Data excerpt -
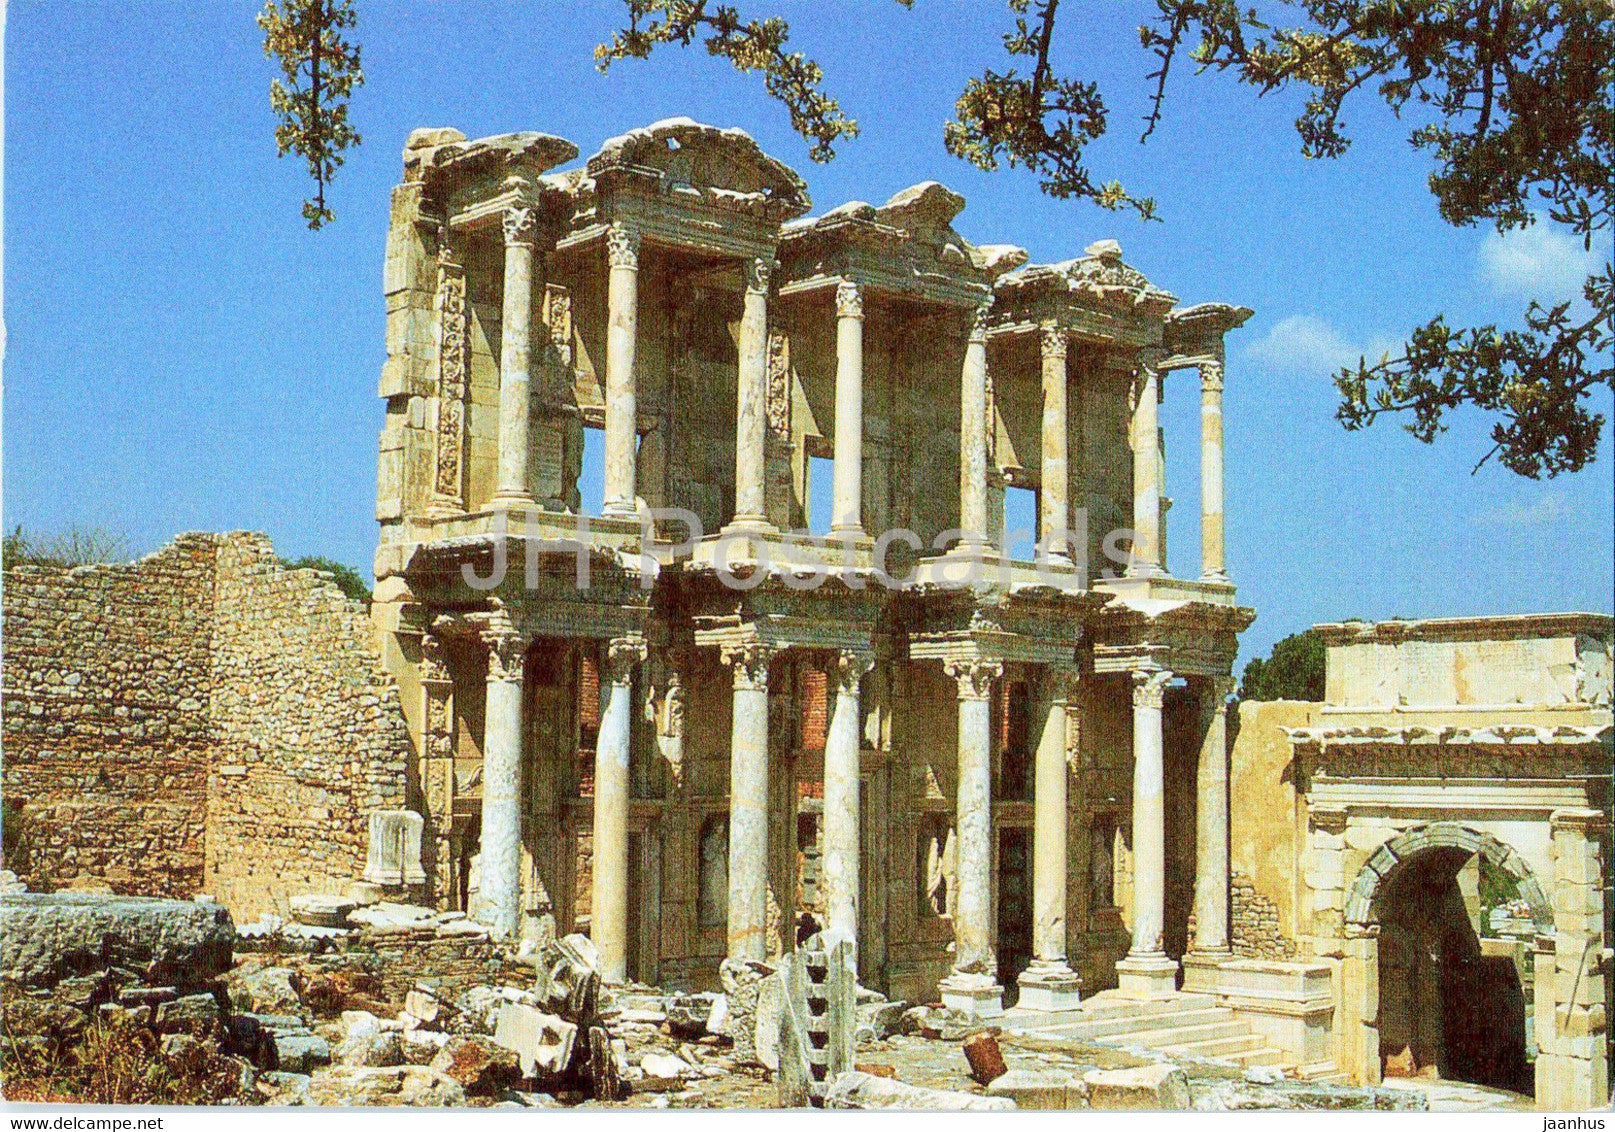 Efes - Ephesus - The Library of Celsus - ancient world - 35/522 - Keskin - Turkey - unused - JH Postcards
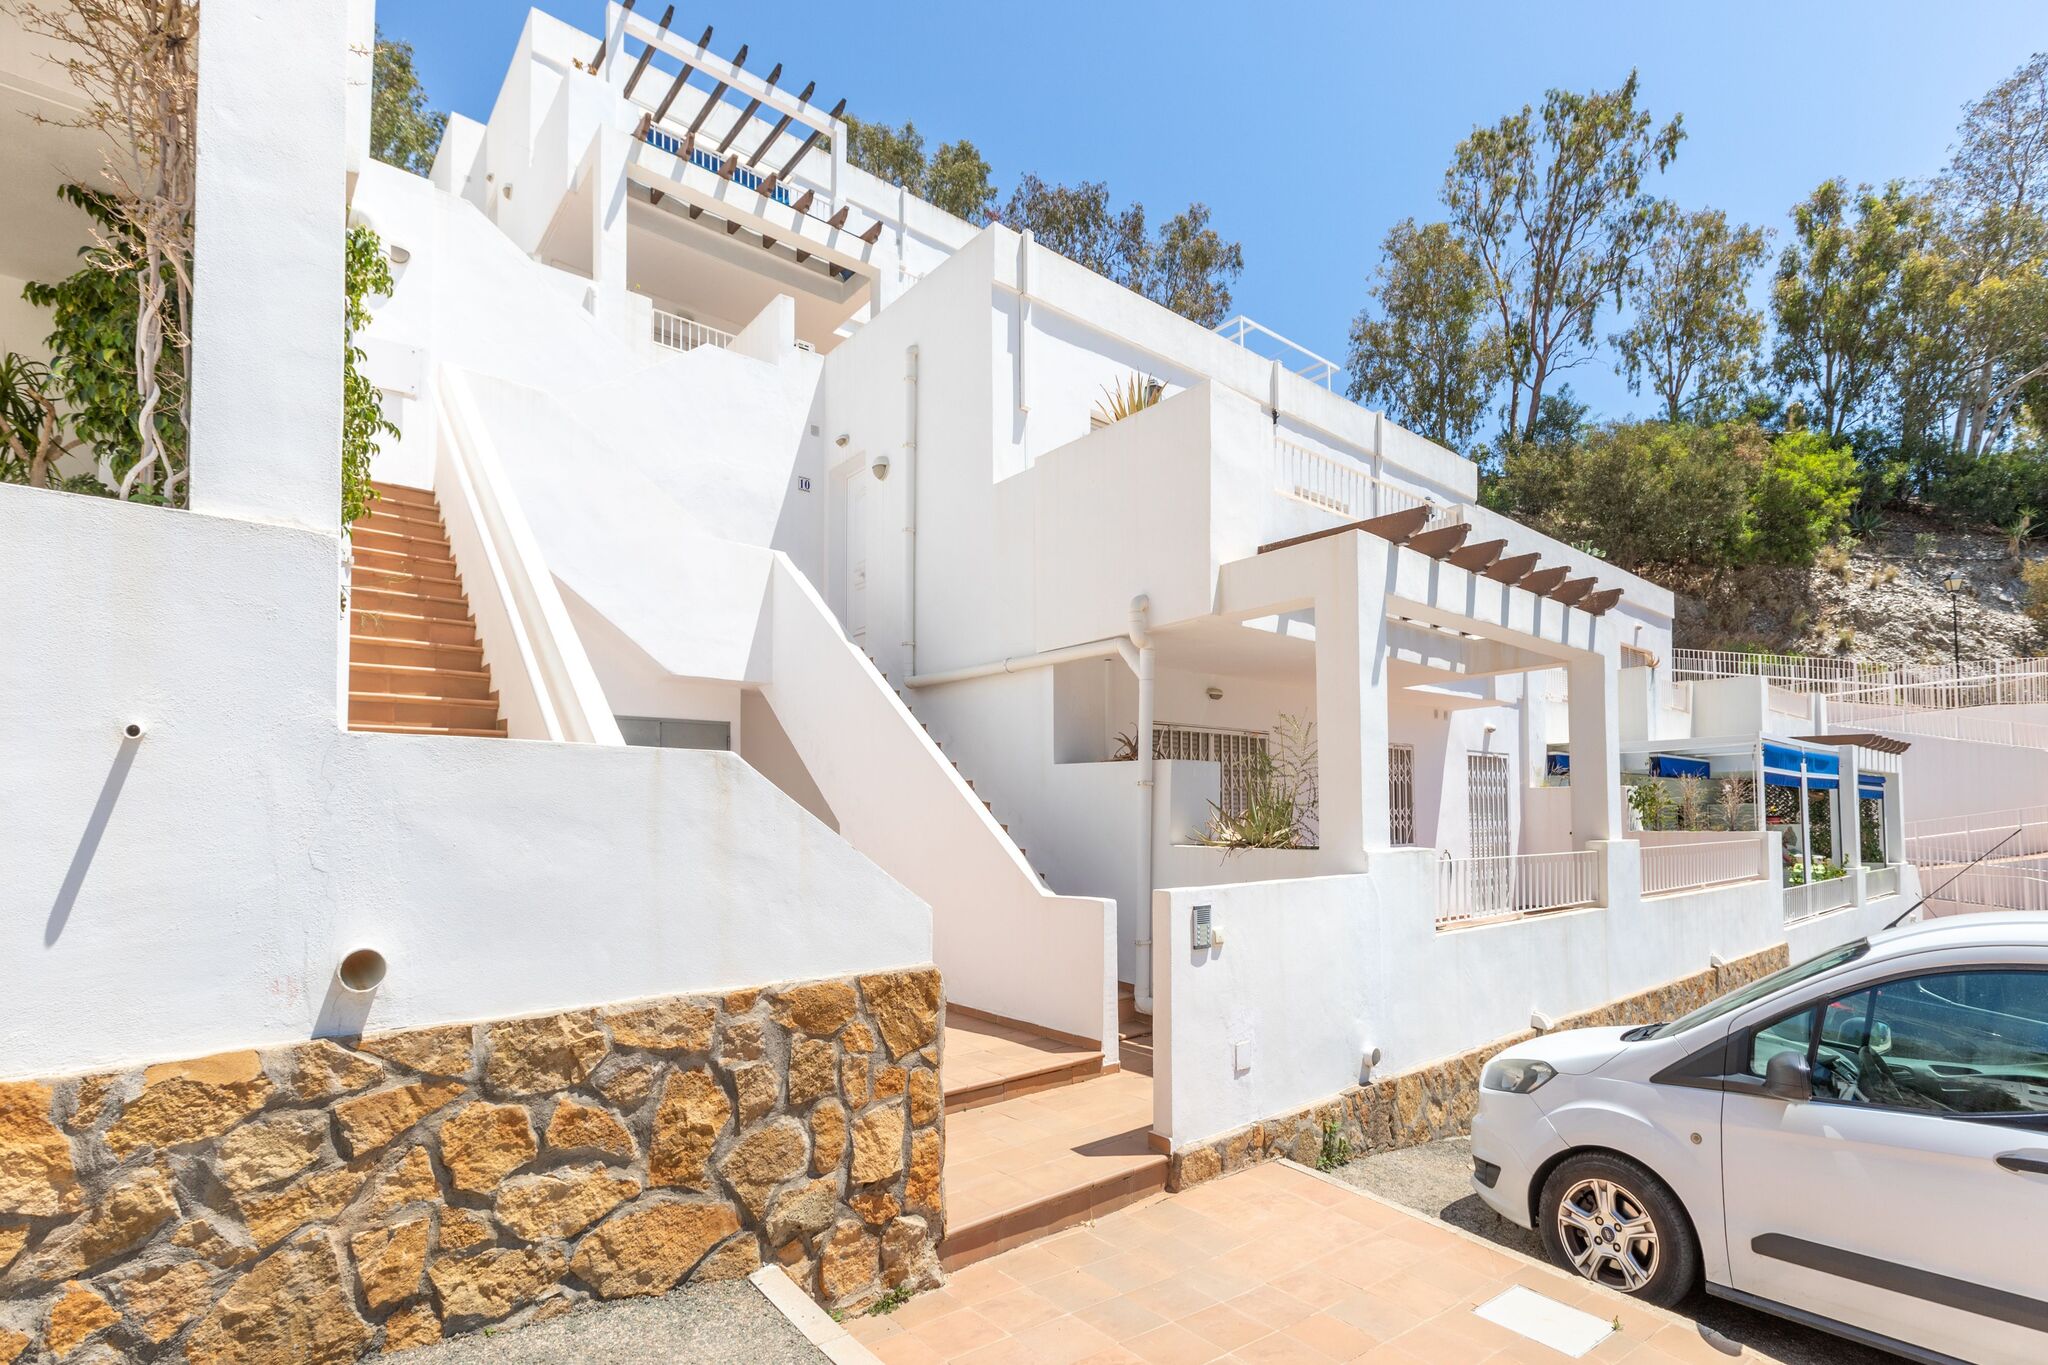 Maison de vacances Regal à Costa Almeria avec piscine
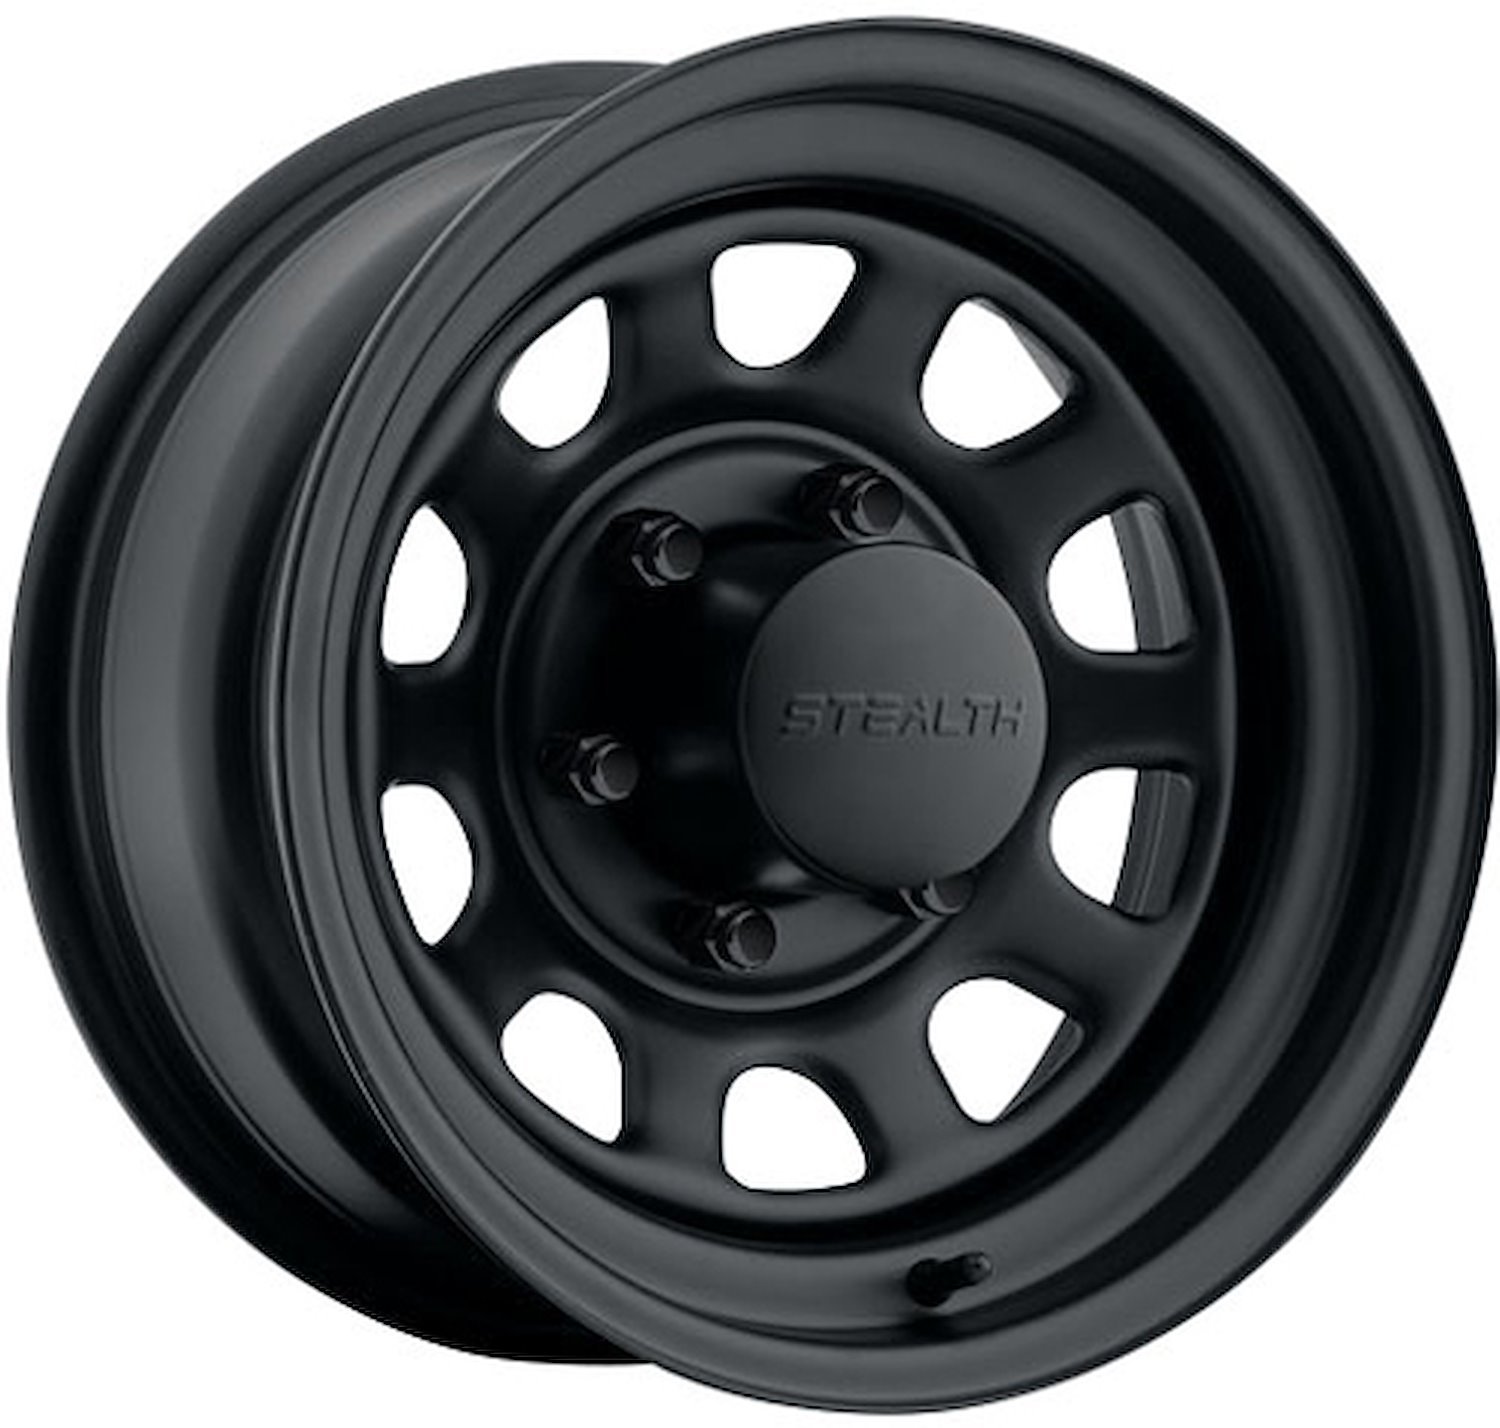 Stealth Black Daytona Wheel (Series 804) Size: 15" x 8"

Directions -
Reproduce every line above word for word; no images.

Task answer -
 Efes - Ephesus - The Library of Celsus - ancient world - 35/522 - Keskin - Turkey - unused - JH Postcards
 Maison de vacances Regal à Costa Almeria avec piscine
 Stealth Black Daytona Wheel (Series 804) Size: 15" x 8"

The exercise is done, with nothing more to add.